## DATASET EXCERPTS
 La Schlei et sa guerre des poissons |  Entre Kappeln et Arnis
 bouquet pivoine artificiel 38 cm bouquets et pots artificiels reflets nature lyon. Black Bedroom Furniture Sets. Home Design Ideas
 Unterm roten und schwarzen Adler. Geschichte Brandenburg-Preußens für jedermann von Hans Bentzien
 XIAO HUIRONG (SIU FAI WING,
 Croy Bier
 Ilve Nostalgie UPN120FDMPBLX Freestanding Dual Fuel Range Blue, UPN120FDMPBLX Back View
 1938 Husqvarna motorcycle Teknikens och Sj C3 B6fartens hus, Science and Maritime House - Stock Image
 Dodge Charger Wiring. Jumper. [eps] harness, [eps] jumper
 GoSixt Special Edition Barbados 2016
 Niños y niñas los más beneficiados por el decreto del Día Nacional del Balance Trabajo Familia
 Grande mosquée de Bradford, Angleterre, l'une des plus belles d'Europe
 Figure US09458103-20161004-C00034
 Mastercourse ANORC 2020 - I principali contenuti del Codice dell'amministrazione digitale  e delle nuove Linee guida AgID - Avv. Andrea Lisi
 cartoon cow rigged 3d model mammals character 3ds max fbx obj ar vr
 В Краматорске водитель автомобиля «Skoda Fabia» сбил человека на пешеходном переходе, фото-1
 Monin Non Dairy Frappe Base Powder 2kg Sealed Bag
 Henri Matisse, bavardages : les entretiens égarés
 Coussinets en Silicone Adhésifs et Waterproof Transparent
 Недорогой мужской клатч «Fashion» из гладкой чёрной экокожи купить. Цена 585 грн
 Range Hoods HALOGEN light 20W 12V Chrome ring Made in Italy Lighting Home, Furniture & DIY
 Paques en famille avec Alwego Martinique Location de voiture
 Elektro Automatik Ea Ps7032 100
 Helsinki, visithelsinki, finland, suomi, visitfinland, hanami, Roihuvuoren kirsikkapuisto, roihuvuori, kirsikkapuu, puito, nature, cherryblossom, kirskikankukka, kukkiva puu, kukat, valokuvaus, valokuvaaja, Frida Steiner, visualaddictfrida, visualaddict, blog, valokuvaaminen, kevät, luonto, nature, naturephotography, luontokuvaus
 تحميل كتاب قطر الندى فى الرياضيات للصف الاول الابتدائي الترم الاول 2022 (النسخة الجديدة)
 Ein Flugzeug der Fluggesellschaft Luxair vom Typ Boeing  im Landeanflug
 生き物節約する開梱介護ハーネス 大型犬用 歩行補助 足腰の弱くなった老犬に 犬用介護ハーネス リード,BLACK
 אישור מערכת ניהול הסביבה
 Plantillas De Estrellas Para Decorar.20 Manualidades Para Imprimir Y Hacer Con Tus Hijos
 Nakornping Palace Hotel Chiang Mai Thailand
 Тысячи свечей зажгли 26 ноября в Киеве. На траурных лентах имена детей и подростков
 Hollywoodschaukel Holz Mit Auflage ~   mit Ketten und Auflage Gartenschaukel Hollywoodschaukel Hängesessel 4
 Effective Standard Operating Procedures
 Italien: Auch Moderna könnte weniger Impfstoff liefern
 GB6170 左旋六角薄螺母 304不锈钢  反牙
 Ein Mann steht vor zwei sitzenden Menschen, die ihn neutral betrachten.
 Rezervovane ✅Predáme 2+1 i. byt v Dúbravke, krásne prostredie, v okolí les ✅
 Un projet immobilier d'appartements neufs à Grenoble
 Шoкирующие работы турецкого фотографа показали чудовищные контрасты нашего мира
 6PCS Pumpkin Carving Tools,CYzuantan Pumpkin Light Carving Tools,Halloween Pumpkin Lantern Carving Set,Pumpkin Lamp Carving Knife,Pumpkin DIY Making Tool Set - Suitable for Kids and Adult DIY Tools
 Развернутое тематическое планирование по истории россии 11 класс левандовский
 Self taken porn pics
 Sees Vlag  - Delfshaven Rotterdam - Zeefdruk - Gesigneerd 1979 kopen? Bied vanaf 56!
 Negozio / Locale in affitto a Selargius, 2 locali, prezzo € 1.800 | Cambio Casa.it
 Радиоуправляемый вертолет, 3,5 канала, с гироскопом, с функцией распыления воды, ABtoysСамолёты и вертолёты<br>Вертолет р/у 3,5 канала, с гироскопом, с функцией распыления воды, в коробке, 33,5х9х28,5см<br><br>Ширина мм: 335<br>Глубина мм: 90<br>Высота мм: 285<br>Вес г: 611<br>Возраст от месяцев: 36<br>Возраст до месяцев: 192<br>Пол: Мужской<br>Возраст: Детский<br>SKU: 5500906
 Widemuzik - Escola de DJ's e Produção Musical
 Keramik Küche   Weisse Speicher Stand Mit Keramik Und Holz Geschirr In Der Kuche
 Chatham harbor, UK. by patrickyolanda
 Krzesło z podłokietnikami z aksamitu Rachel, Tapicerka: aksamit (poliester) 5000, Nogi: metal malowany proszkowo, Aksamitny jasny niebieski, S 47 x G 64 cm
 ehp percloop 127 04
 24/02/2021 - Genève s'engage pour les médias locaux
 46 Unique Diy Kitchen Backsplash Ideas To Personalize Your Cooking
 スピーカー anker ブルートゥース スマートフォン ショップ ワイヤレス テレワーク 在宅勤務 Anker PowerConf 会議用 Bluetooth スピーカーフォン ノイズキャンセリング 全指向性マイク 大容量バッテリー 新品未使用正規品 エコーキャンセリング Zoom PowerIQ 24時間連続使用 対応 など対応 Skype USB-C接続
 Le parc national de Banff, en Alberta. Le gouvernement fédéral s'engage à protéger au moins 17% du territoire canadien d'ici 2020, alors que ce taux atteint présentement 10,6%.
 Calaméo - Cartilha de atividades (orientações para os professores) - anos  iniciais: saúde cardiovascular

## TASK INSTRUCTIONS
Nothing but the lines from the one with "46 Unique Diy" to the last line of the data should appear in the answer, each exactly as it stands.

## SOLUTION FOR THIS EXERCISE
 46 Unique Diy Kitchen Backsplash Ideas To Personalize Your Cooking
 スピーカー anker ブルートゥース スマートフォン ショップ ワイヤレス テレワーク 在宅勤務 Anker PowerConf 会議用 Bluetooth スピーカーフォン ノイズキャンセリング 全指向性マイク 大容量バッテリー 新品未使用正規品 エコーキャンセリング Zoom PowerIQ 24時間連続使用 対応 など対応 Skype USB-C接続
 Le parc national de Banff, en Alberta. Le gouvernement fédéral s'engage à protéger au moins 17% du territoire canadien d'ici 2020, alors que ce taux atteint présentement 10,6%.
 Calaméo - Cartilha de atividades (orientações para os professores) - anos  iniciais: saúde cardiovascular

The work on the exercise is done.